◆ **What is expected**: Beginning with the line that contains "Yoga is the" and ending with the line that contains "William Wordsworth: Lady", reproduce the lines of the entries below exactly, omitting pictures.

[Data supplied Boundary: Start]

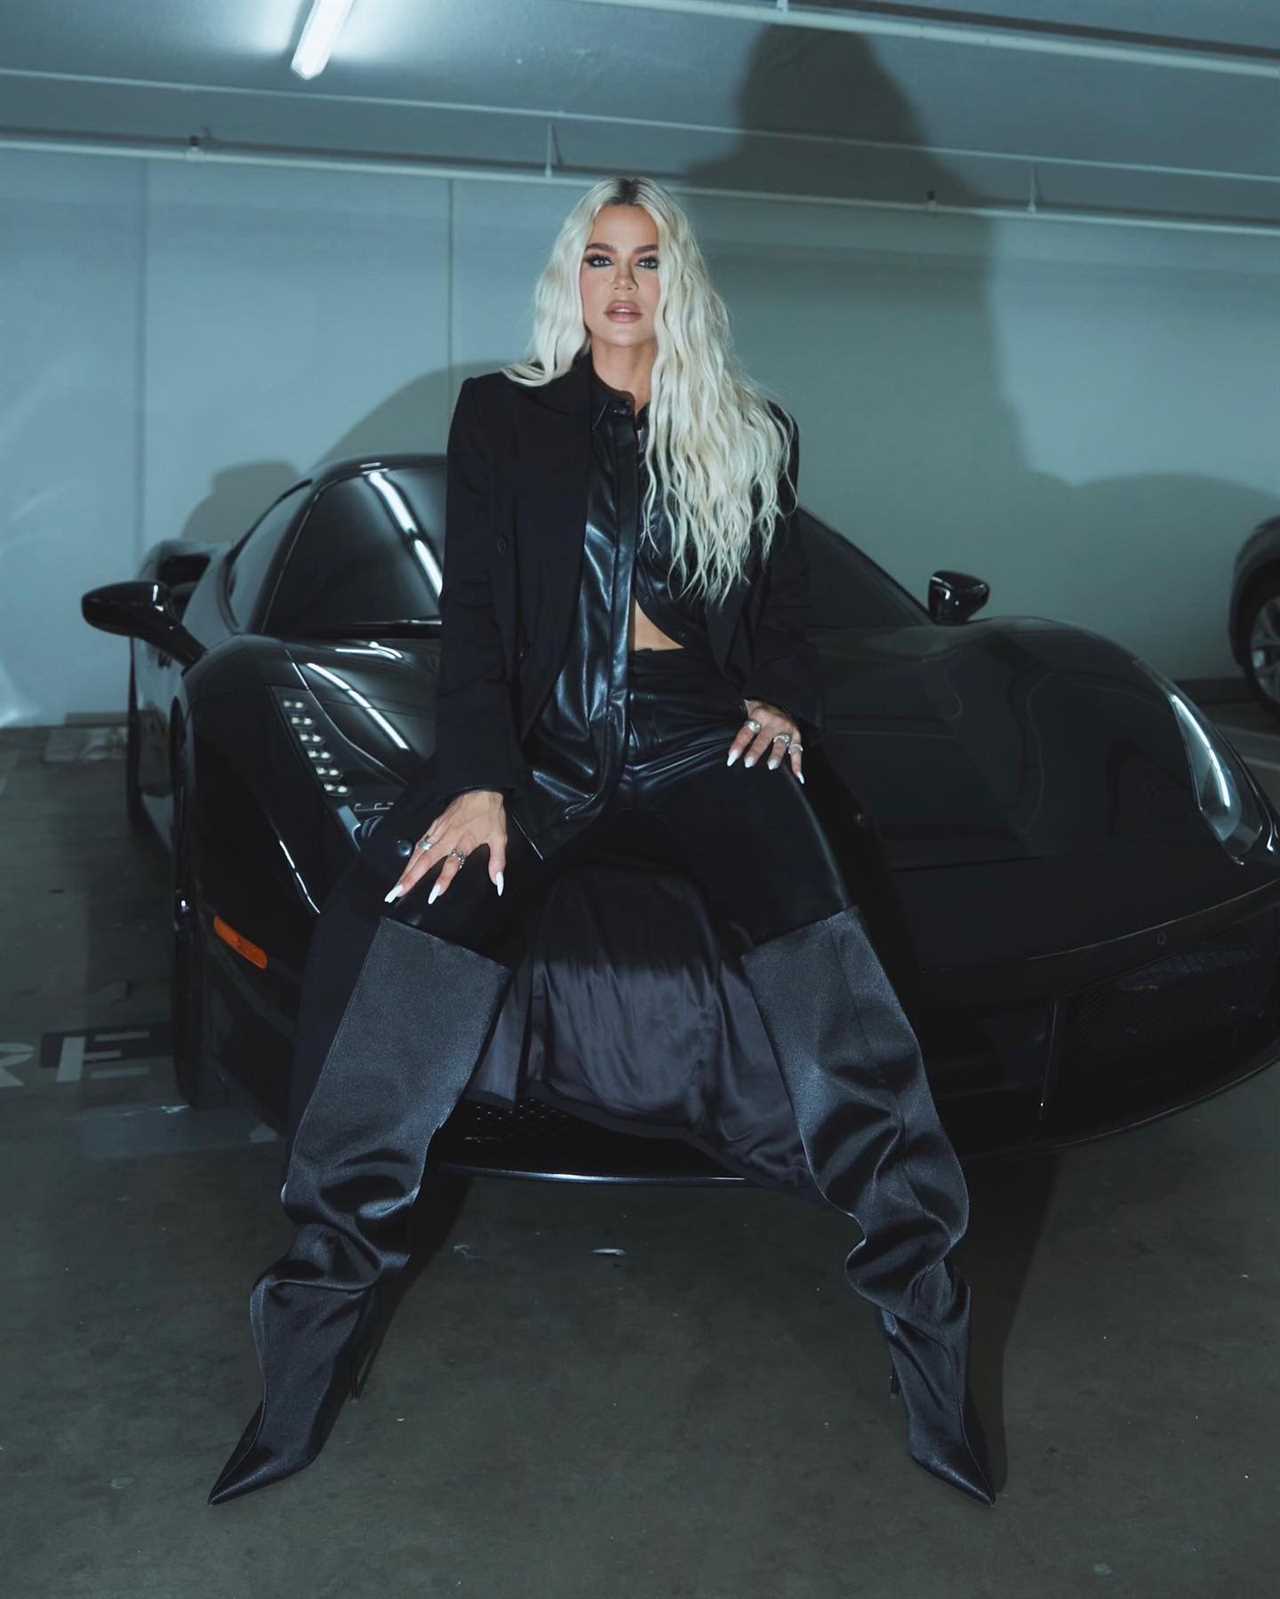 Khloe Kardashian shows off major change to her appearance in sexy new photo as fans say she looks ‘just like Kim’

[Data supplied Boundary: End]
[Data supplied Boundary: Start]

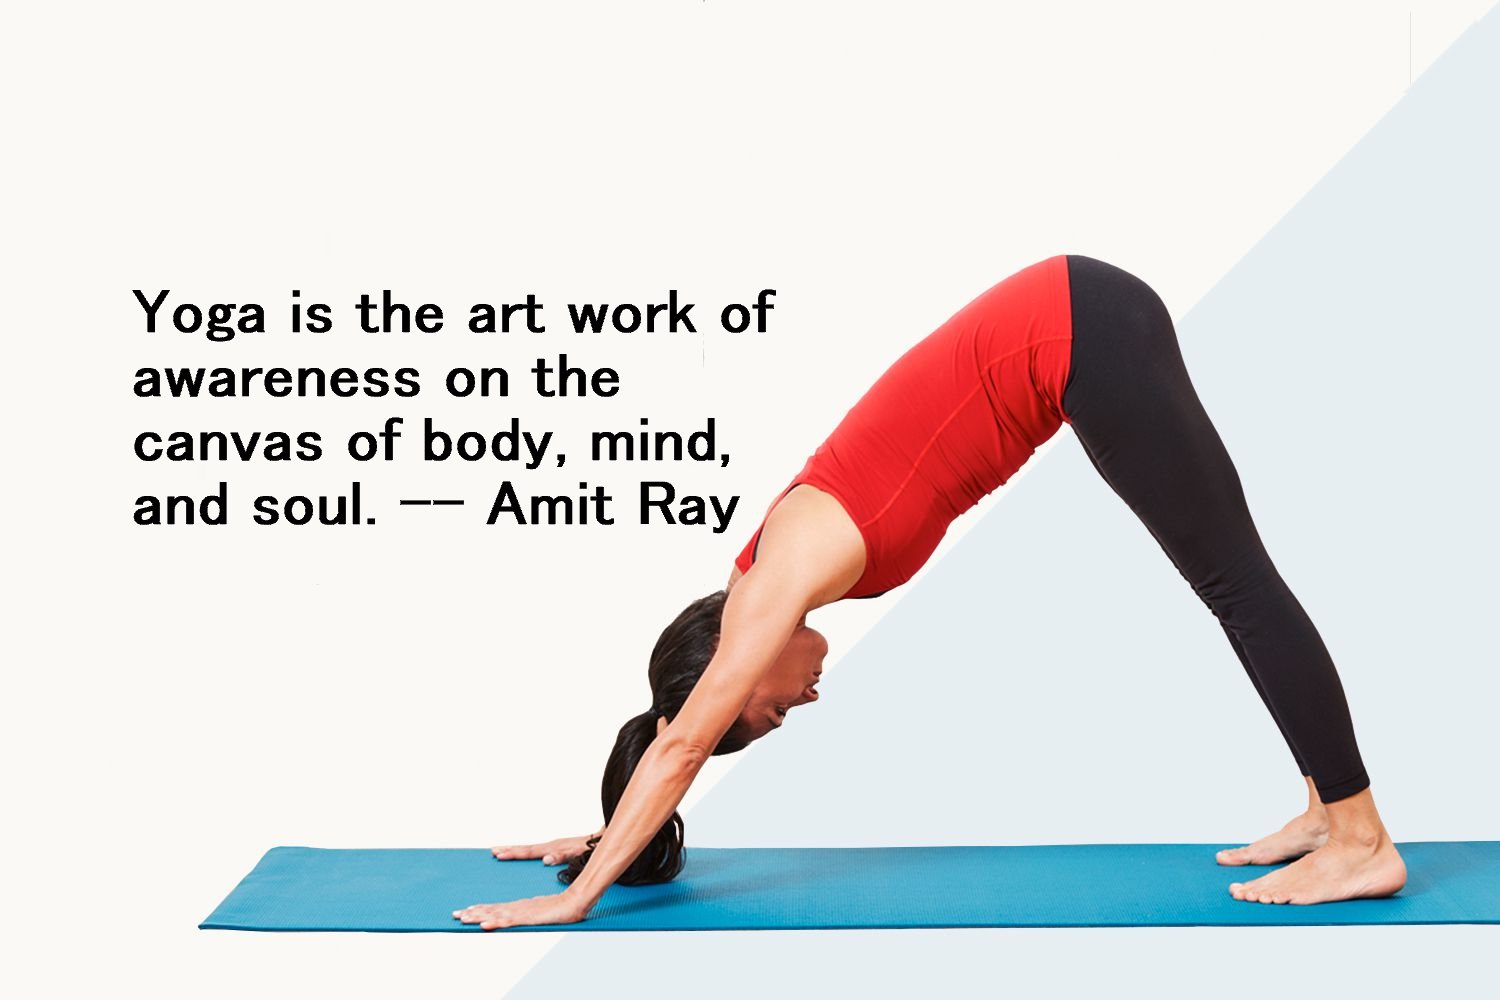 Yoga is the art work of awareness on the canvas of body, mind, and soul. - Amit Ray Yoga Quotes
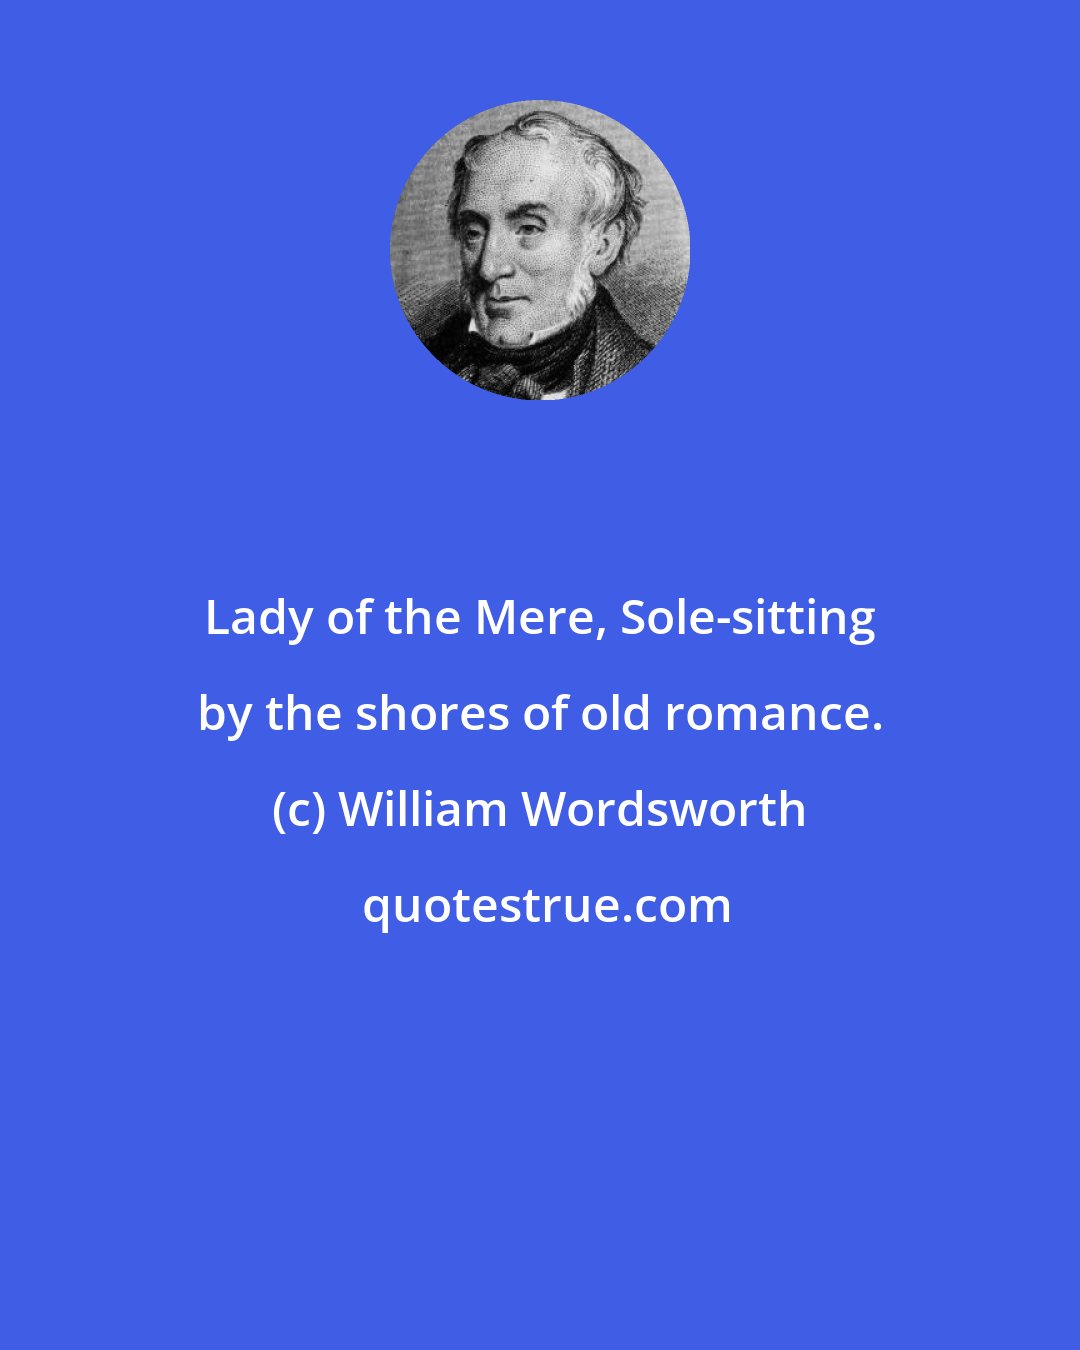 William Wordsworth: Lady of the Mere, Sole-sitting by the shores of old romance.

[Data supplied Boundary: End]

◆ **Your solution**:
 Yoga is the art work of awareness on the canvas of body, mind, and soul. - Amit Ray Yoga Quotes
 William Wordsworth: Lady of the Mere, Sole-sitting by the shores of old romance.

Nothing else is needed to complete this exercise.